However, as the marriage draws ever closer, Iphis recoils, calling her love "monstrous and unheard of". The goddess Isis hears the girl's moans and turns her into a boy.
References to love between women are sparse. Phaedrus attempts to explain lesbianism through a myth of his own making: Prometheus, coming home drunk from a party, had mistakenly exchanged the genitals of some women and some men. Phaedrus remarks: "Lust now enjoys perverted pleasure."[46]
It is quite clear that paiderastia and lesbianism were not held in equally good light, possibly because of the violation of strict gender roles. Seneca the Elder mentions a husband who killed his wife and her female lover and implies that their crime was worse than that of adultery between a male and female.

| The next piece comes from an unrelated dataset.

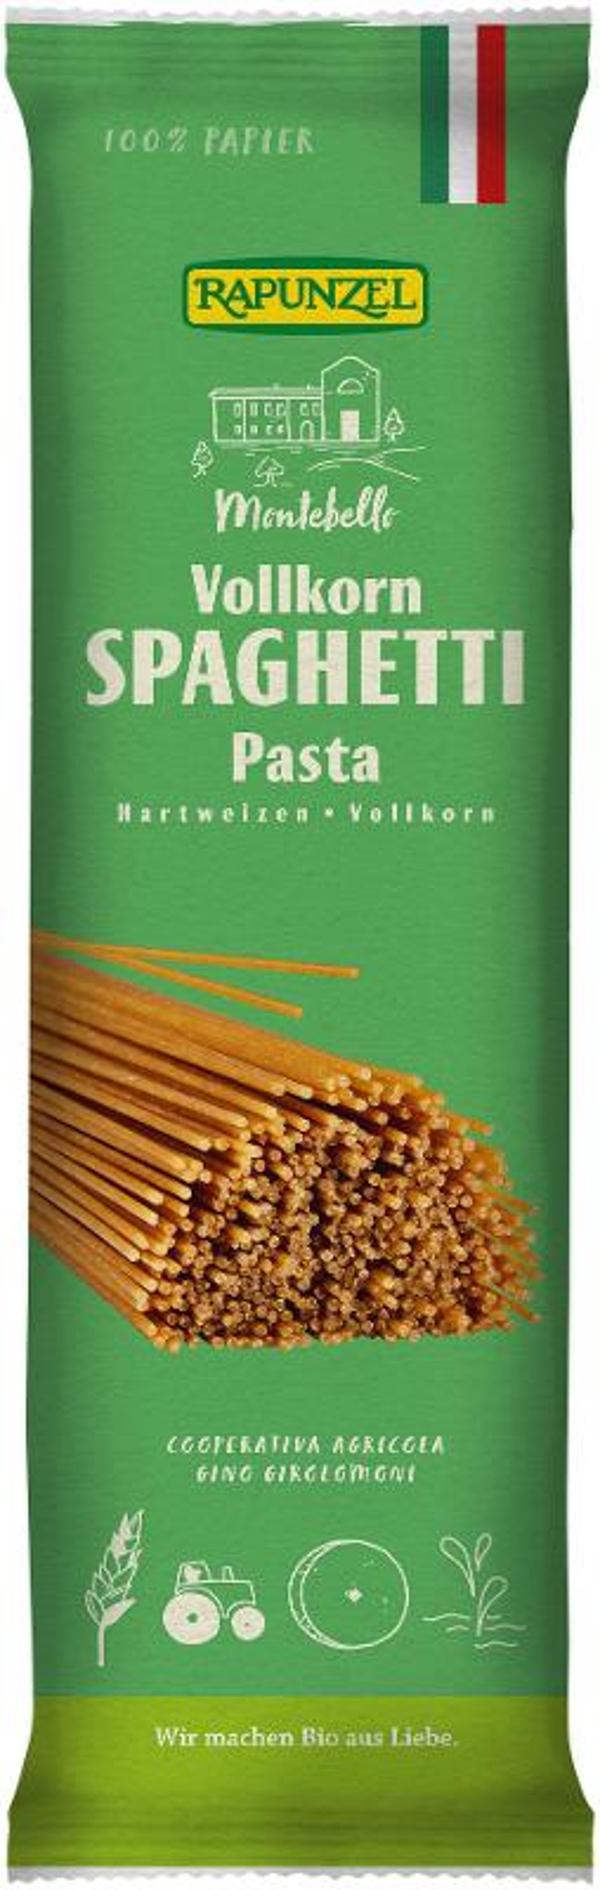 Produktfoto zu Spaghetti Vollkorn 500g Rapunzel

Iamblichus, a Greek novelist from the first century AD, is best known for his Babylonaica, or Babylonian Tales.[47] The Babylonaica contains a side story about "Berenice, who was daughter of the king of Egypt, and about her wild and lawless passions: and how she had relations with Mesopotamia." According to an ancient summary of the episode, Berenice and Mesopotamia (a woman) are wed.[48] Although the Babylonaica mainly deals with a heterosexual couple, Sinonis and Rhodanes, Berenice and Mesopotamia exist as foils for the pair.[49] Classicist Helen Morales cautions that this tale ought not to be treated as "certain evidence...that lesbian marriages were performed in the Roman imperial period," but the mere fact that it exists and survives is remarkable.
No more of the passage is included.